### Instructions to follow
The material below should be copied line for line, please, with pictures omitted.
━━ Information supplied
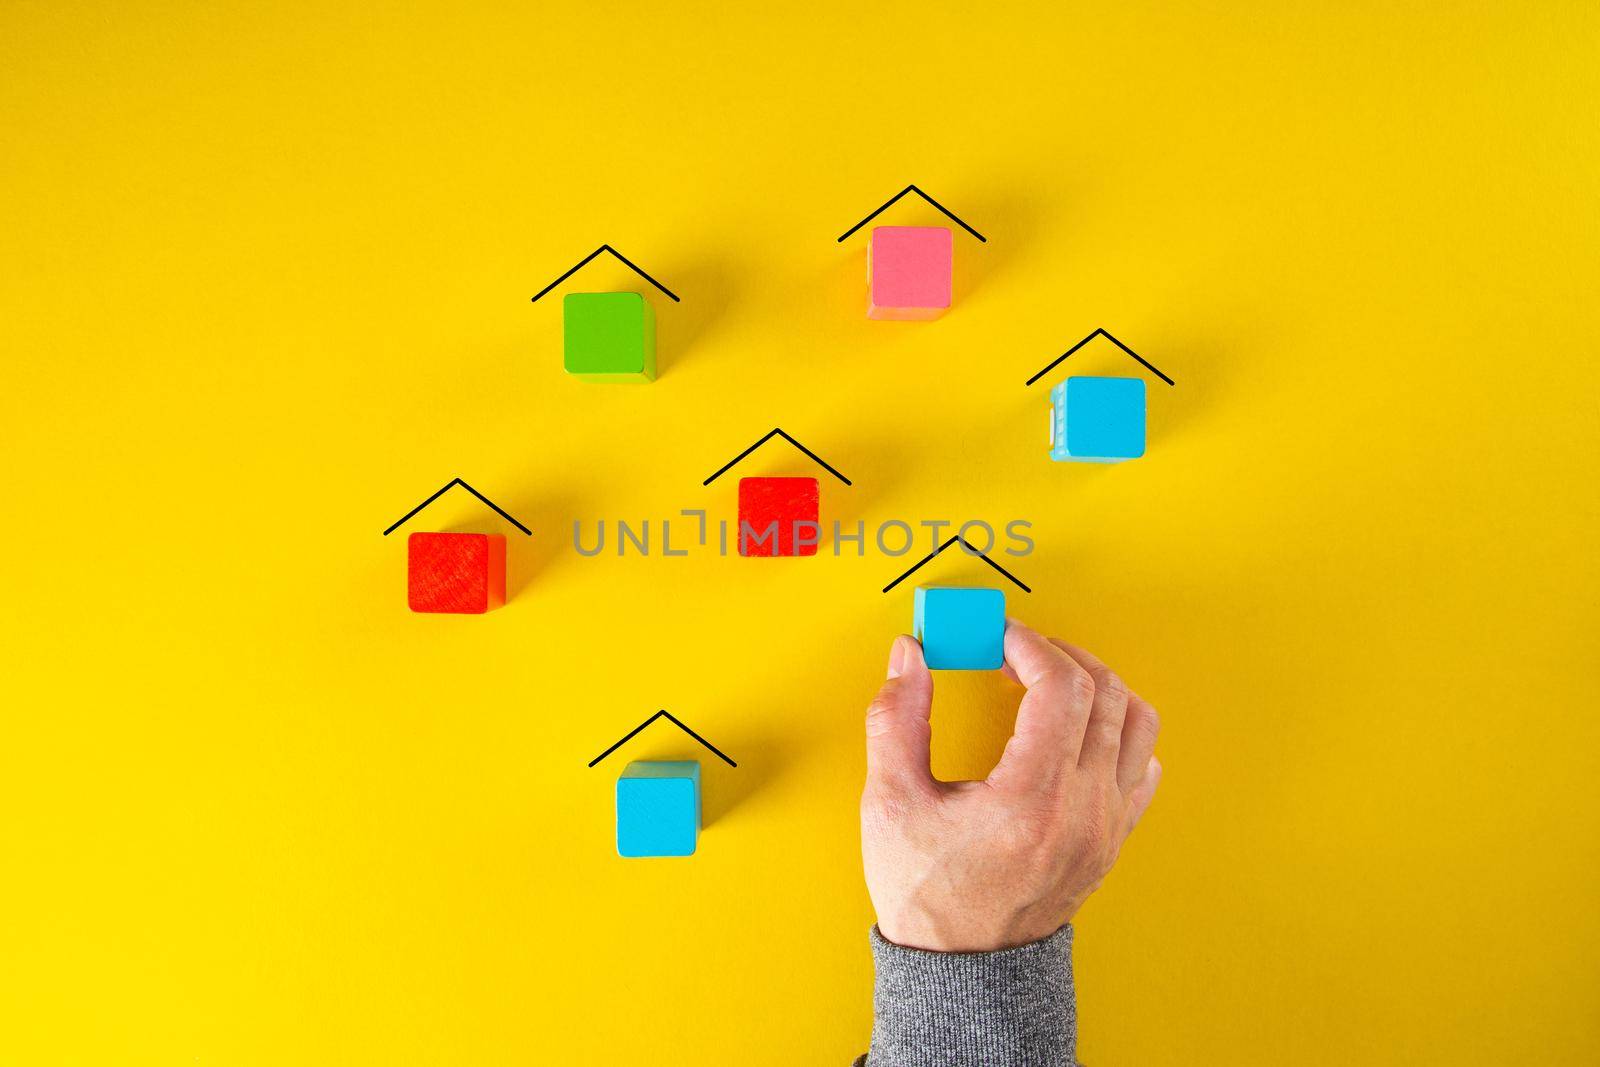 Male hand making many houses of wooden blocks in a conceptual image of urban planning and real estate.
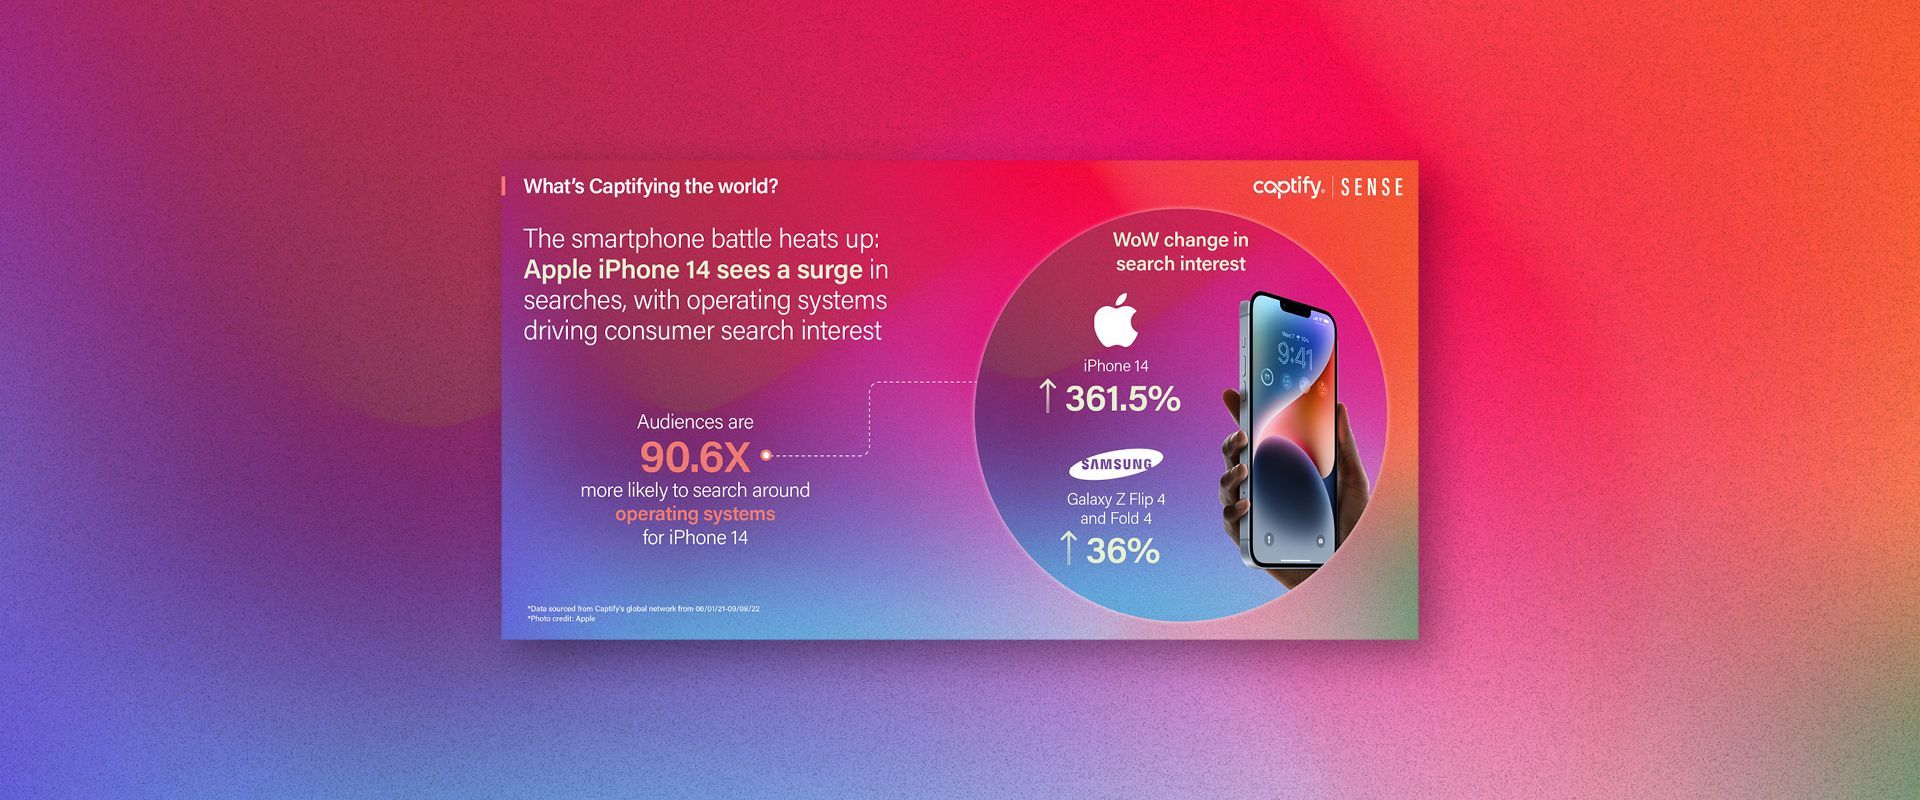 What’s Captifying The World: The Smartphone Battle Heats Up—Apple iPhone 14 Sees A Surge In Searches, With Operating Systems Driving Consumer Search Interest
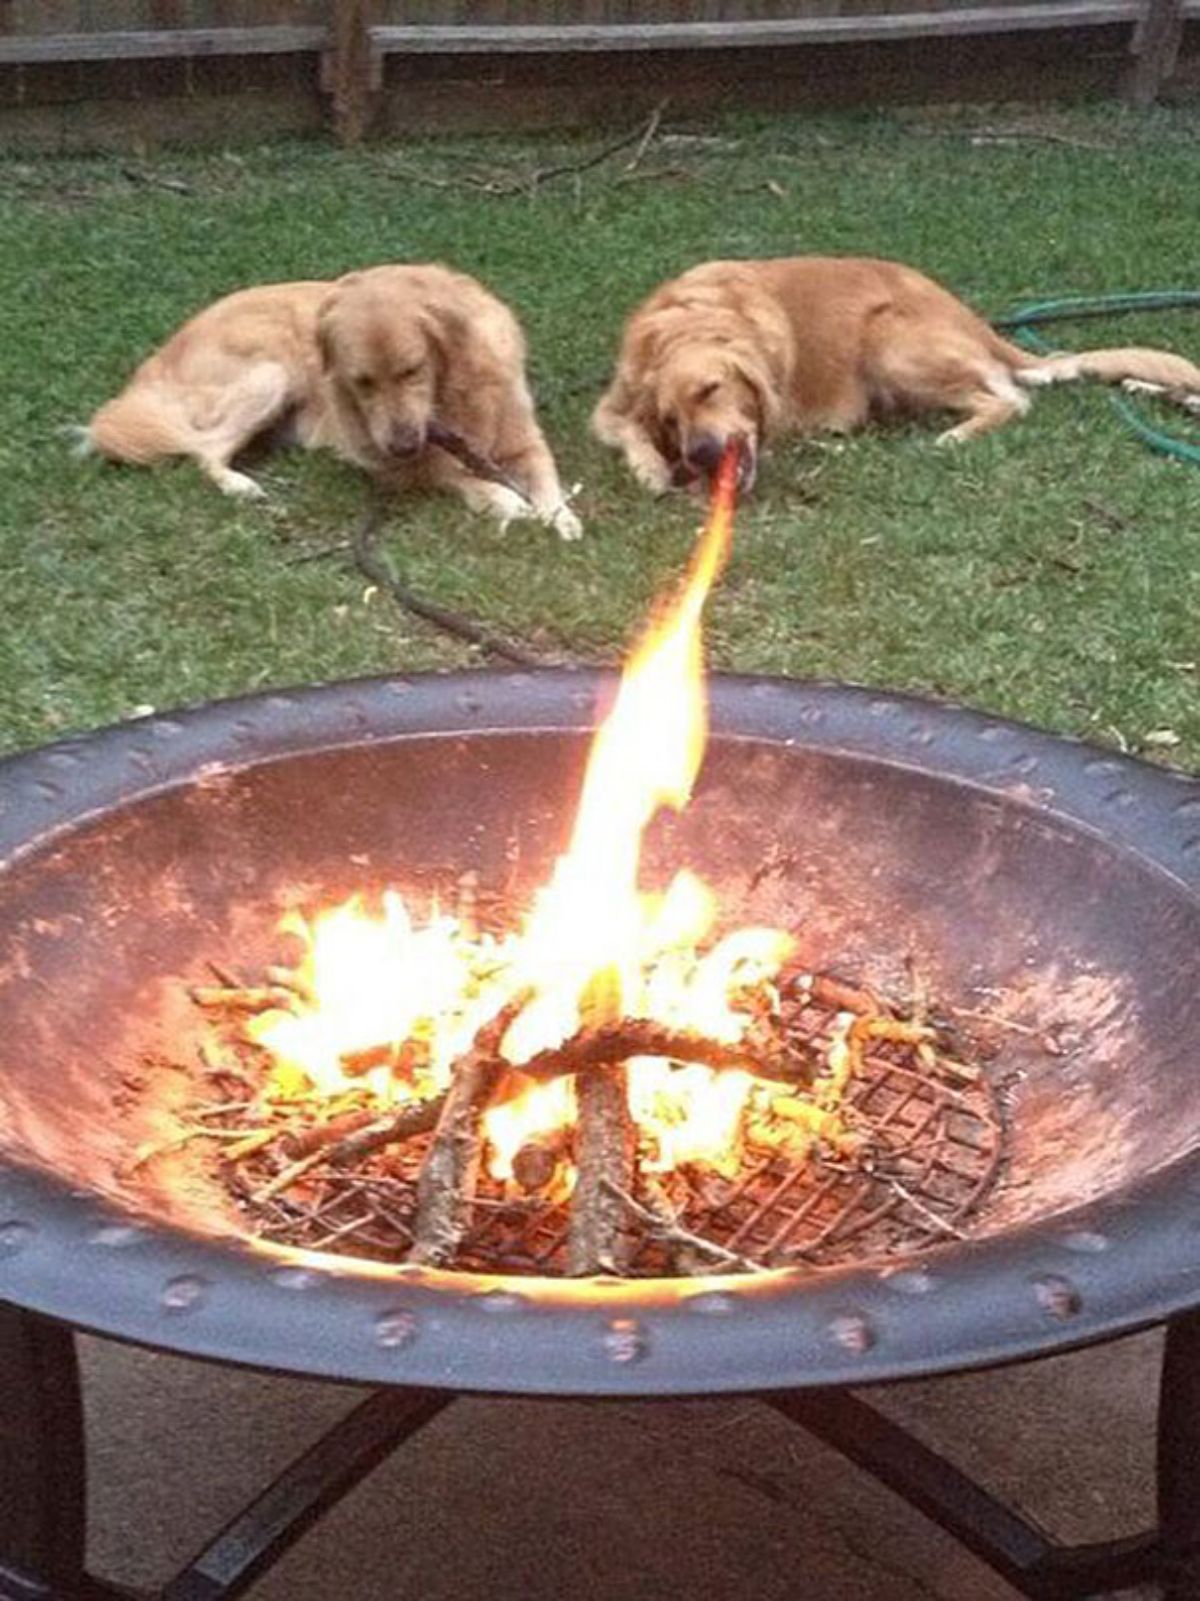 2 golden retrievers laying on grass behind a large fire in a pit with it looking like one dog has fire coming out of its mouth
━━━━
### Answer area
 Male hand making many houses of wooden blocks in a conceptual image of urban planning and real estate.
 What’s Captifying The World: The Smartphone Battle Heats Up—Apple iPhone 14 Sees A Surge In Searches, With Operating Systems Driving Consumer Search Interest
 2 golden retrievers laying on grass behind a large fire in a pit with it looking like one dog has fire coming out of its mouth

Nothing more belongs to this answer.